Spring has arrived in London and gosh knows it’s welcome. Despite it being a mild winter, the sprouting daffodils in local parks herald the beginning of something new and engender an inexplicable excitement about what is to come.
I often struggle to decide which is my favourite season in London; each of them has their own draw. But for the moment I don’t need to choose a favourite child, spring is here and that means I will likely be spending the coming weekends reacquainting myself with London’s parks. Living in South West London I am lucky to be within pretty close proximity to Battersea, Holland and Hyde Parks as well as a myriad of smaller pockets of city green.
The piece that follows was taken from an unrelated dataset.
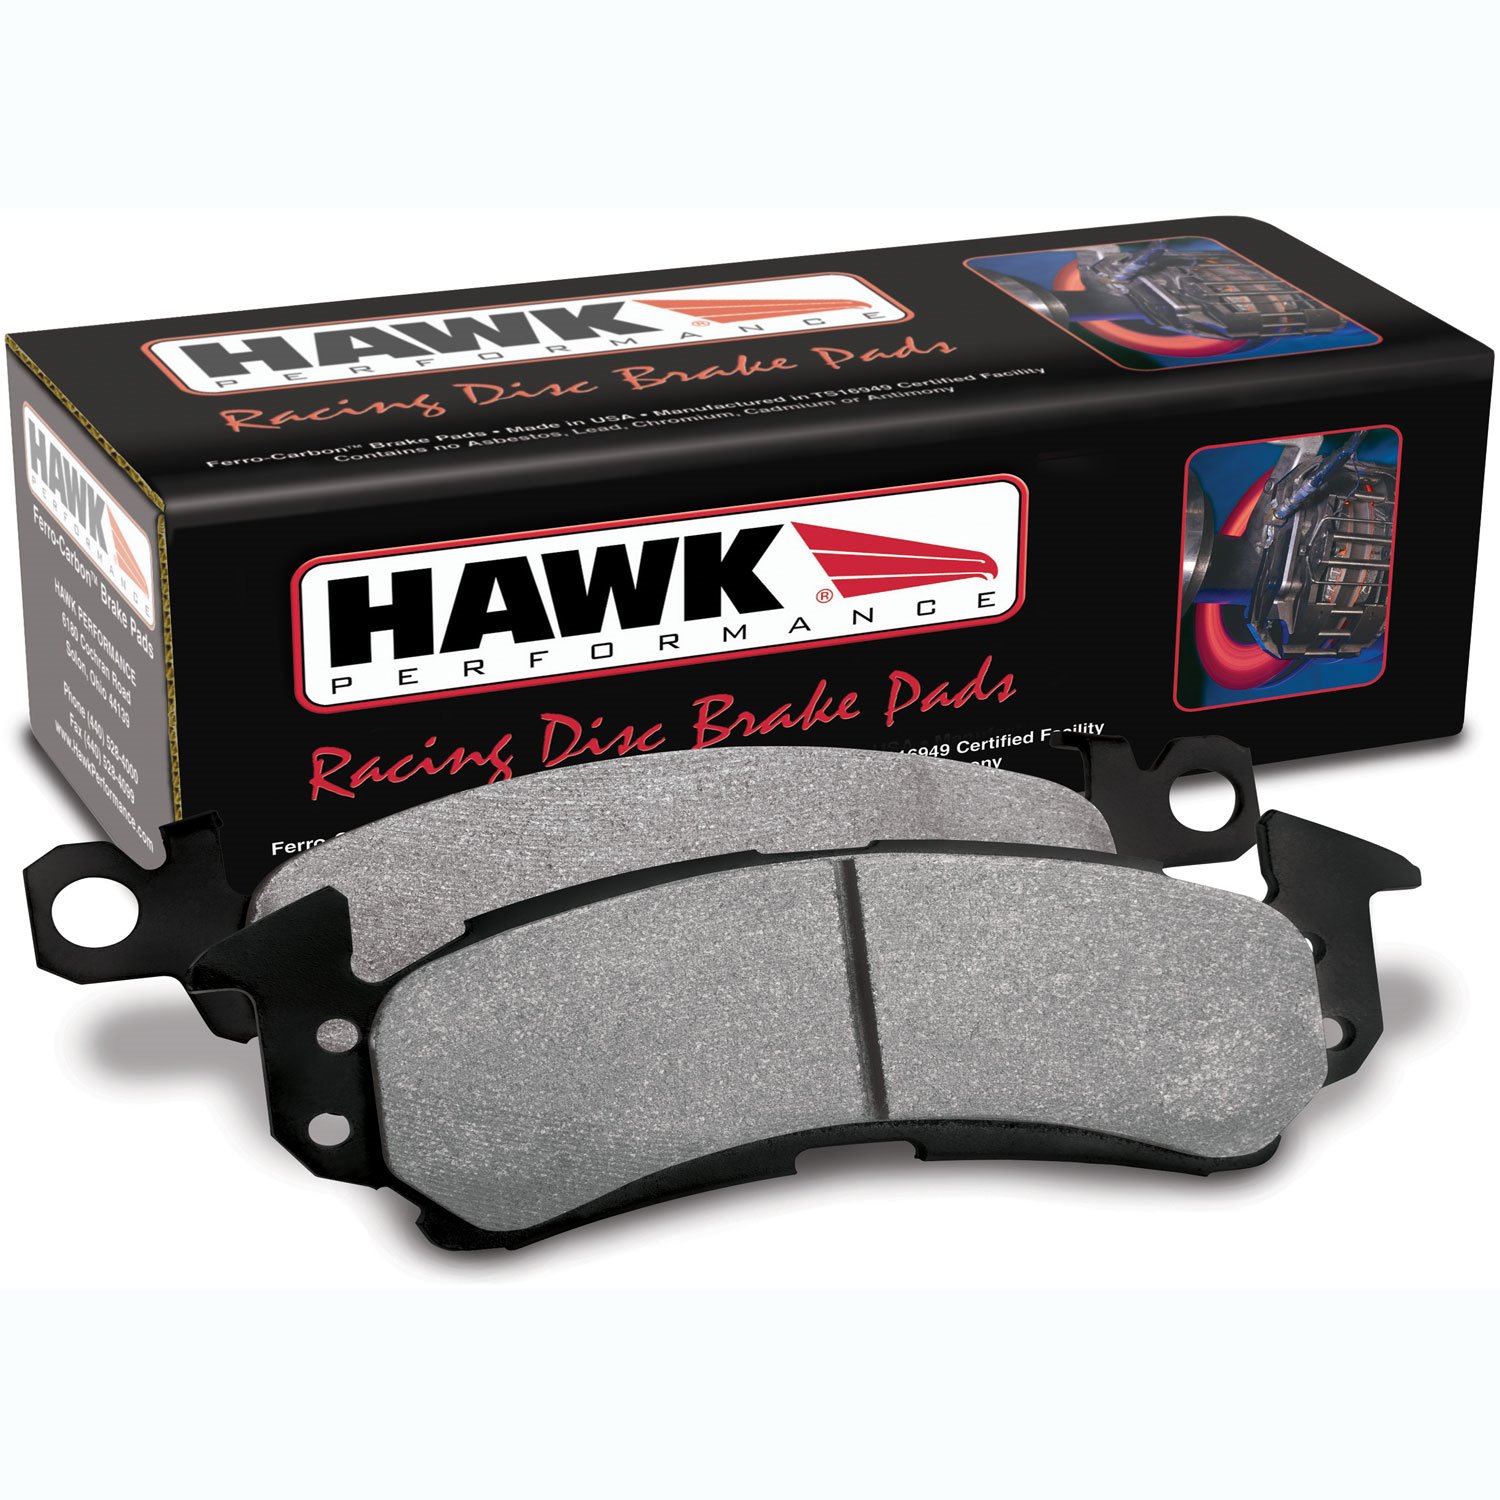 Disc Brake Pad HP Plus w/0.492 Thickness

Last weekend I took a 3-hour walk through Battersea Park, which sits on the Thames opposite Chelsea. It certainly clears the cobwebs of the work week (as well as a self induced headache due to one too many glasses of Prosecco the night before). The people watching is great. Families, runners, cyclists and the occasional rollerblader (I would suggest that the rollerbalder has been spinning his way around the park since the 80’s. Totally appreciate that).
My recommendation, though, would be gathering a group of friends for a lazy, indulgent afternoon in the park with a picnic basket (Fortnum and Mason do some great ones) and some good food. Make it an afternoon with some cocktails in mason jars. Choose your poison, but I think I’ll keep it simple with some Campari and Blood Orange kept cool with limejuice ice cubes. Delish.
Now the food. The most important part, no? For a quick stop I will always pop over to Elizabeth King, a fab deli at the corner of Parsons Green and New Kings Road. Although a little pricey for day to day it stocks everything you might need for a picnic in the park and anything you don’t need as well. Vintage cheeses, cold cut meats (either pre-packed or off the bone over the counter) and wide selection of breads, I recommend their potato bread- indulgent! So the basics are covered, then you can peruse their selection of fruits, wine, sushi bento boxes and cakes. I never quite manage to leave without buying enough for a small army. Dangerous given the proximity to home, but tres convenient on summer days.
The alternative would have to be one of the Ottolenghi delis, of Yotam Ottolenghi fame. He is certainly my ‘chef de jour’, as my poor family discovered when I bought most of them his Plenty cookbook for Christmas this year. Scattered over London and often hidden away on secret little streets, I haven’t managed to make it to them all but can personally vouch for the Kensington and Notting Hill branches. Now these delis must come with a health warning. For your wallet, that is. One’s hips will survive because the food is healthy, fresh and delicious, but you are unlikely to escape with a light summer lunch for less than £15 (c. $23 USD). I would call it Persian food, but their website cites ‘Mediterranean Basin’ as the origin. Whatever you call it, it is certainly worth a peek, prod and purchase.
So each spring as I enjoy my first foray into the green loveliness, with hamper full of food and booze, Wordsworth’s poem I Wandered Lonely as a Cloud (more commonly know as Daffodils) pops into my head. It was inspired in April 1804, 208 years ago but I think the excitement that Spring, and daffodils as the heralds of this season, is something that every generation can and will continue to love. I think the ending of ‘Daffodils’ is beautiful…. So will finish with that, who would I be to try and sum up these pretty flowers better than he…
For oft, when on my couch I lie
In vacant or in pensive mood,
They flash upon that inward eye
Which is the bliss of solitude;
And then my heart with pleasure fills,
And dances with the daffodils.
And you can always pretend you sound terribly cultured reciting this to your friends after one too many Camparis and more cheese and biscuits than your skinny jeans can actually handle.